Département d’outre-mer depuis 1946, l’île de la Martinique, située dans l’arc antillais, s’étend su 1 100 km2.
Sa population est de 381 427 habitants.

Le Produit Intérieur Brut (PIB) est de 61 000 francs contre 123 000 francs en Métropole.

L’activité économique se concentre autour d’une zone Schoelcher - Fort de France – Lamentin, réunissant également les principales infrastructures.

L’économie est caractérisée par une agriculture qui, en dépit d’un recul progressif, assure 40 % des recettes d’exportation et un secteur tertiaire important. Le secteur secondaire, constitué du bâtiment et de l’industrie, emploie 18 % des actifs.

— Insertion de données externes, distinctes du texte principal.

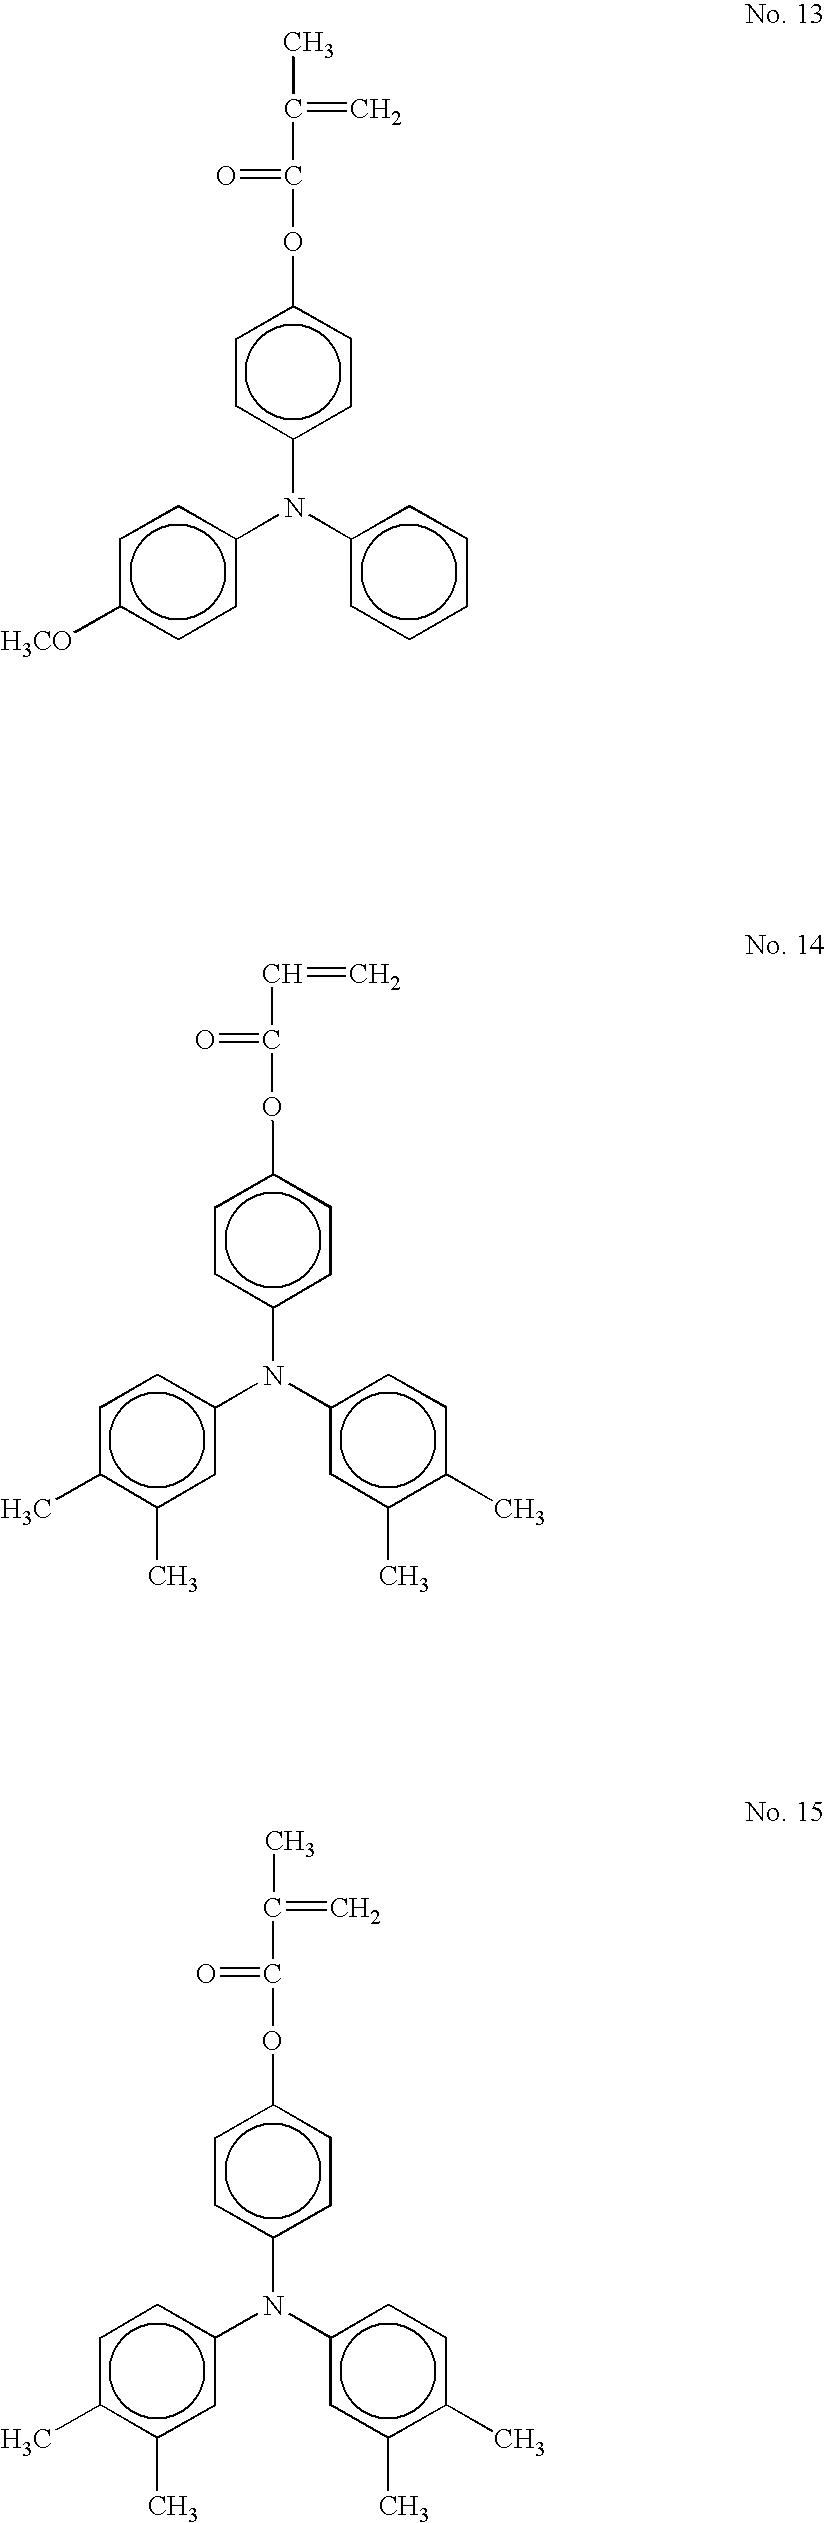 Figure US20040253527A1-20041216-C00016
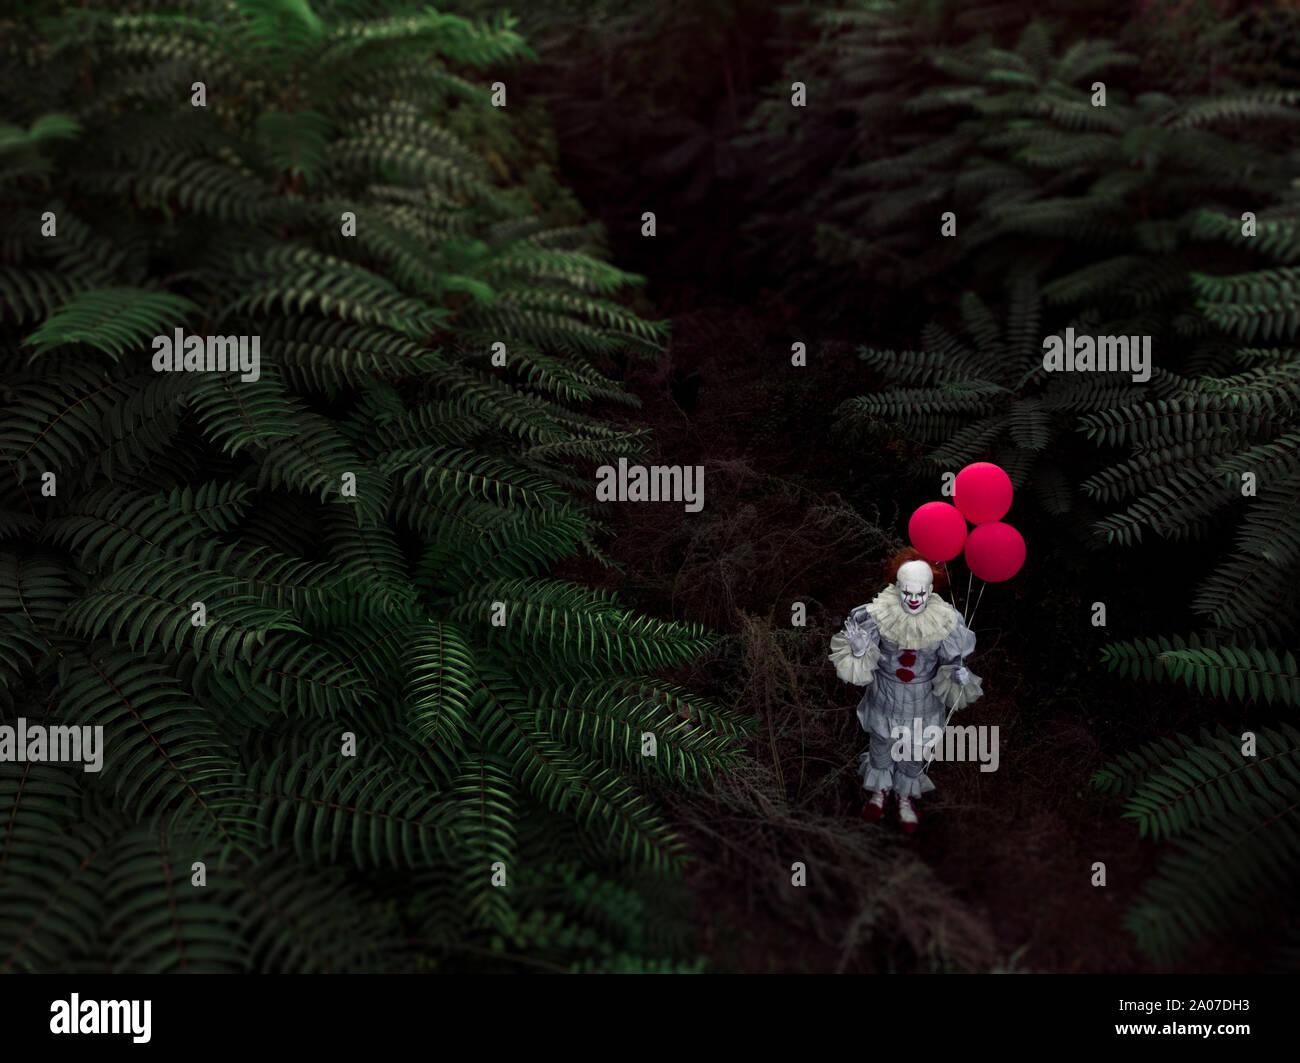 Un disparo de un Drone al hombre a la imagen de un payaso con globos rojos en su mano en el bosque. Foto de stock

L’A.M.P.I. regroupe 117 entreprises de 15 salariés et plus. En 1998, ces unités ont réalisé un chiffre d’affaires de 4,8 milliards de francs.

Troisième secteur économique, l’industrie emploie 8 % des actifs et contribue à hauteur de 14 % à la valeur ajoutée brute marchande.

UNE DIVERSIFICATION RÉCENTE
Longtemps spécialisé dans l’agro-industrie, ce secteur s’est diversifié progressivement face à la nécessité de fabriquer sur place des produits jusqu’alors importés : cette phase d’import-substitution marque l’avènement d’une industrialisation qui va se développer, dans certains cas, par la mise en place de franchises et grâce à un environnement favorable : zones industrielles, infrastructures,….


Aujourd’hui, cette industrie est composée de 8 secteurs, dont 2 réalisent 66 % du chiffre d’affaires global : l’énergie et l’agro-alimentaire.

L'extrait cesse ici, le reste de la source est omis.